Теперь я поплелся в кабинет. Перевернул листы рисунками вниз и стал вчитываться в ахинею, написанную Наконечным. Потом опять обратился к пейзажу. Я безуспешно силился что-то понять.
Дальтонику кто-то позвонил. Он поздоровался и стал говорить в трубку:
– Да. Да. Да, – потом заглох, слушал, потом опять:
– Да. Да. Да.
Дальше он долго молчал. И снова обрывки:
– Тонкие тетради берем в Архангельске, а толстые в «Эксмо». Лучшее соотношение цена качество. Тем более, что уже сто лет сотрудничаем и имеем скидки. После каникул ожидается ажиотажный спрос.
Он закончил. Вот те на! Неужели в последний день старого года еще кому-то есть дело до работы?
Через какое-то время Кольке позвонили снова. На этот раз он ничего не бормотал, просто слушал и что-то переспрашивал. Несколько раз он спустил с цепи эмоции и выкрикнул: «Блин»!
Около года назад Дальтоник почерпнул в одном из журналов информацию о том, что мысли и слова – материальны и влияют на здоровье человека. Причем грубость и сквернословие его ухудшают. С тех пор он дал себе слово не материться. И я, надо отметить, ни разу не слышал, чтобы он его нарушил. Вот и теперь он бубнил детское слово «блин», а в конце произнес кому-то:
– Идиоты.
Это тоже слово грубое, и он употреблял его только в самых крайних случаях.
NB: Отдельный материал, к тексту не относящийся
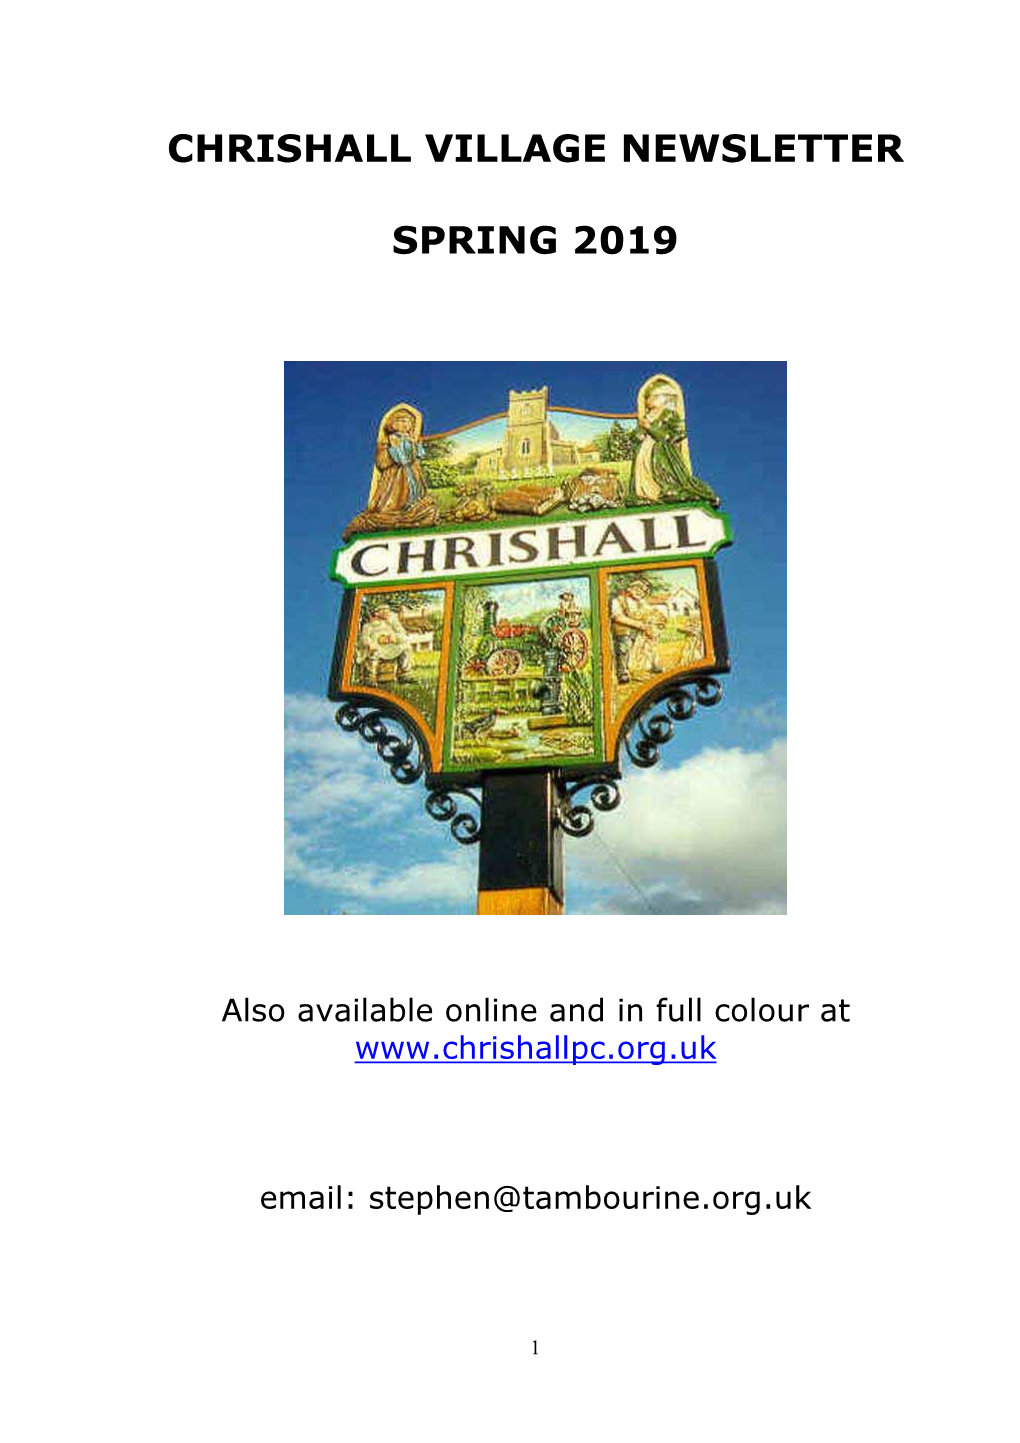 Chrishall Village Newsletter Spring 2019

Наверное, сегодня случай был крайнее некуда, потому что Колька пока шел ко мне, постоянно повторял:
– Идиоты, идиоты.
– Они все испортили, – сказал он, остановившись в дверях. – Идиоты.
– Кто?
– Менты: Спарыкин, Полупан и Федя.
С меня бурлящей рекой полился пот.
– Что случилось?
– Звонил Спарыкин. Тебя эти деятели боятся набирать. Они там провели обыски и задержания. Естественно, никого не нашли.
– Какие обыски?
– Ночью больной на голову Федя сообщил всем, что он расшифровал записи Виталика. Менты подняли базу данных, разбудили участкового, взяли санкцию прокурора и со взводом спецназа поставили на уши всю пятиэтажку. Оперативно сработали.
– Какую пятиэтажку?
– В которой жила Лена. Федя доказал, что у некоего соседа Лены и нашего офисного компьютера были одинаковые винты. Виталик или перепутал их, или специально поменял. Скорее всего, информация, которая была на них, теперь утеряна, но преступники об этом не знают. Понимаешь, вроде все сходится. Он ремонтирует этому мифическому соседу комп. Тот приносит его домой, а нужной информации нет. Он возвращается, и сворачивает Наконечному голову. Потом пытает Лену и выясняет, что его железо пропало где-то у нас.
– Ахинея какая-то.
– Все очень логично.
– А зачем они делали обыски?
– Они вычислили каких-то там подозрительных личностей в количестве двух человек и решили, что дело в шляпе. Взяли их тепленькими, переворошили хаты. Теперь выяснилось, что те бедолаги совсем ни при чем, а если и при чем, то молчат, как партизаны, а дочери твоей нигде нет. Короче, натворили делов.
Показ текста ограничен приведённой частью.